Re: Re: Re: History
Originally posted by Hotpoint
You misinterpret what I and other people mean by this. By US Law GWB is legally President but that is because the United States is not a Democracy in the strictest sense but rather a Republic that holds periodic elections
You can only claim to have been Democratically Elected if you got more votes than those you were running against. If not then you clearly lack an electoral mandate regardless of the Legality under which you hold the position
Interestingly this anomaly is present in other Countries that have FPTP (First Past the Post) Electoral systems. The same happened twice in the UK with the Conservatives under Churchill winning the 1951 Election with less votes than Clement Atlee's Labour Administration and Harold Wilson (Labour) beating Edward Heath (Conservative) in one of the 1974 General Elections again despite getting less votes
I think you've got this backwards. The hypocracy here is a man who was not democratically elected preaching the virtues of democracy. Lets face it that's just amusing
I don't misinterperet a thing. It's just a bull**** argument.

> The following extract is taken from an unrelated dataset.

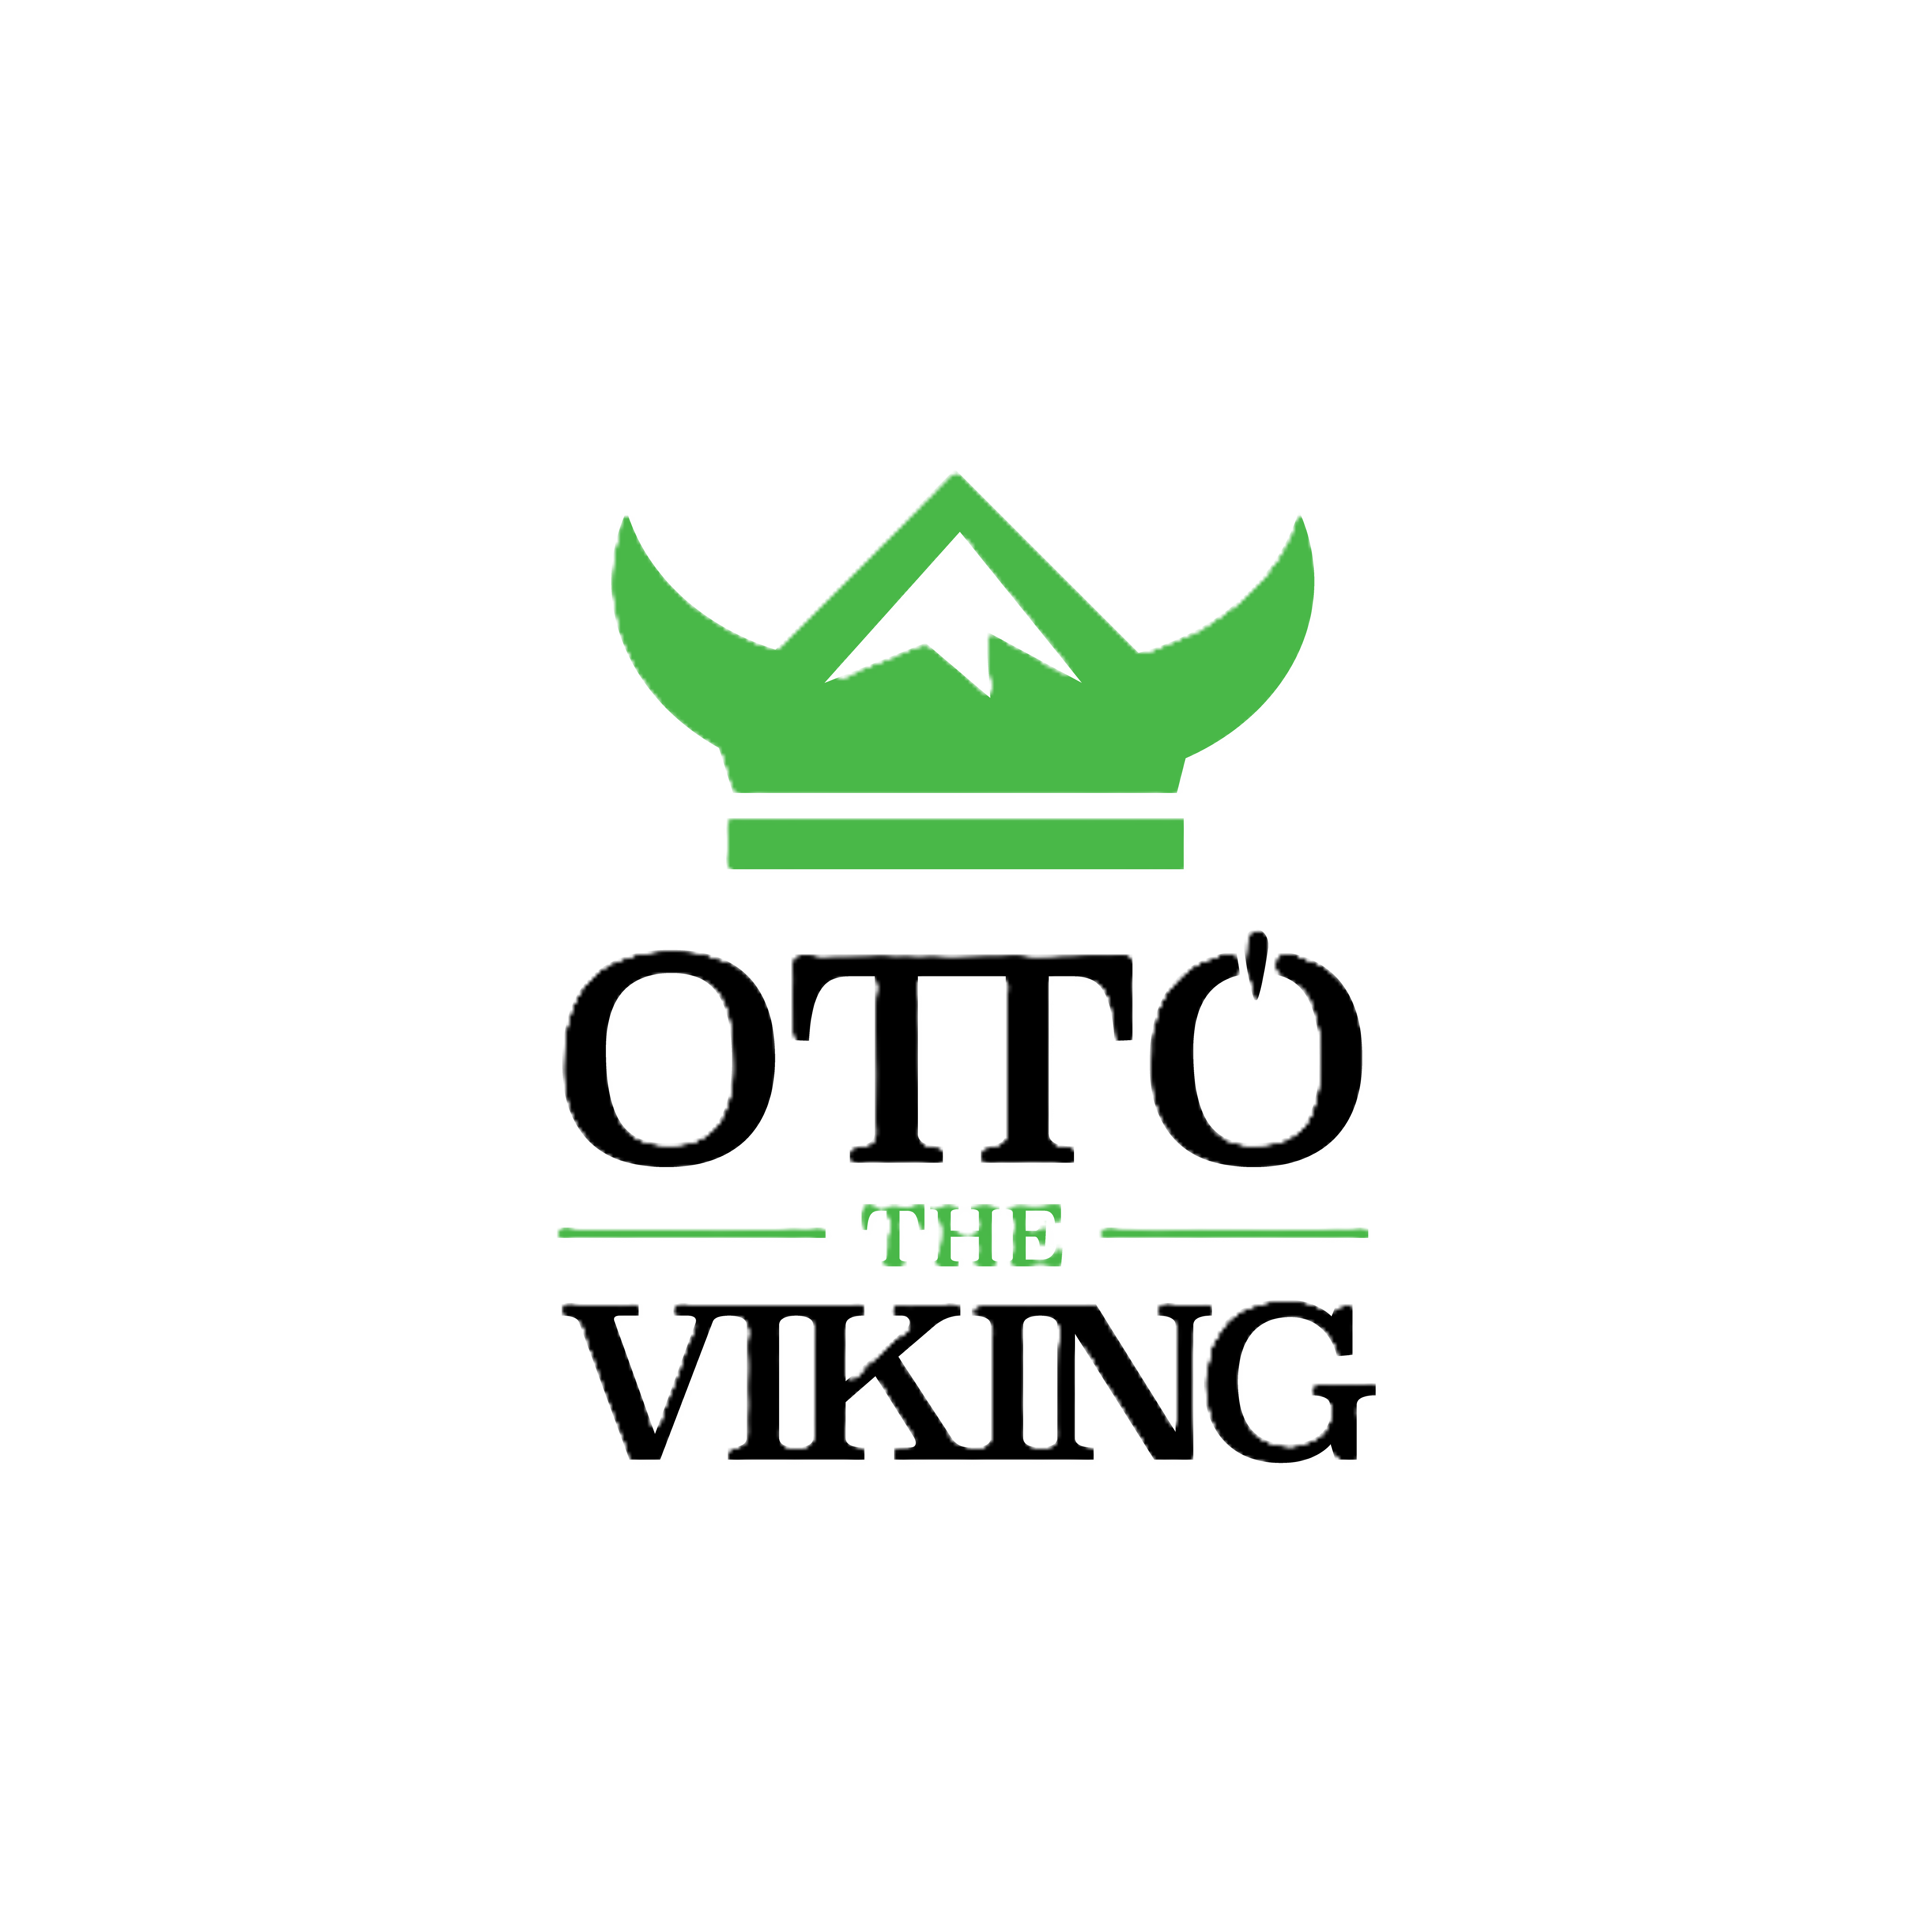 Otto the viking

The fact is the man was elected president of the US in the way we elect our presidents. If the US is not a "Democracy in the strictest sense" it is still the closest thing the world has to one. Last I checked, there were no laws that limited a President's power when depending on how many votes they got. A President's job is to get **** done. What you and others like you are saying is that because he did not get the popular vote (or, even dumber, and OVERWHELMING portion of the popular vote) the guy has no right to do anything. You would make him a lame duck.
The fact of the matter is this choice (and, coincidentally, nearly everything this president has done) has been supported by a majority of the population of this country. Democracy in action, my friend. The fact that the media is liberally biased doesn't change the actual percentages, people have supported the things that are being done.
If everything is supposed to be decided democratically, then it shouldn't matter who the President is, you should just do what the majority of the citizens of the country want, right? Well the majority of the citizens of the country agree that we should go to war with Iraq. But wait--you don't agree so all that goes out the window.
The truth is, we elect these people because we trust them to run our country, not because they are puppets at our whim. ("Hey, 80% of the US wants to nuke Jamaica. Guess I gotta do it.") Funny enough, we have an electoral college for the same reason. Our government is built on a system of checks and balances, so that even though every person in the country doesn't vote on every decision the government makes, the interests of the people are protected. It is unreasonable to hold a vote for every decision, so we vote for those leaders that share our concerns and views and let them vote on those ideas. That sounds like the most realistic way to carry out a democracy to me.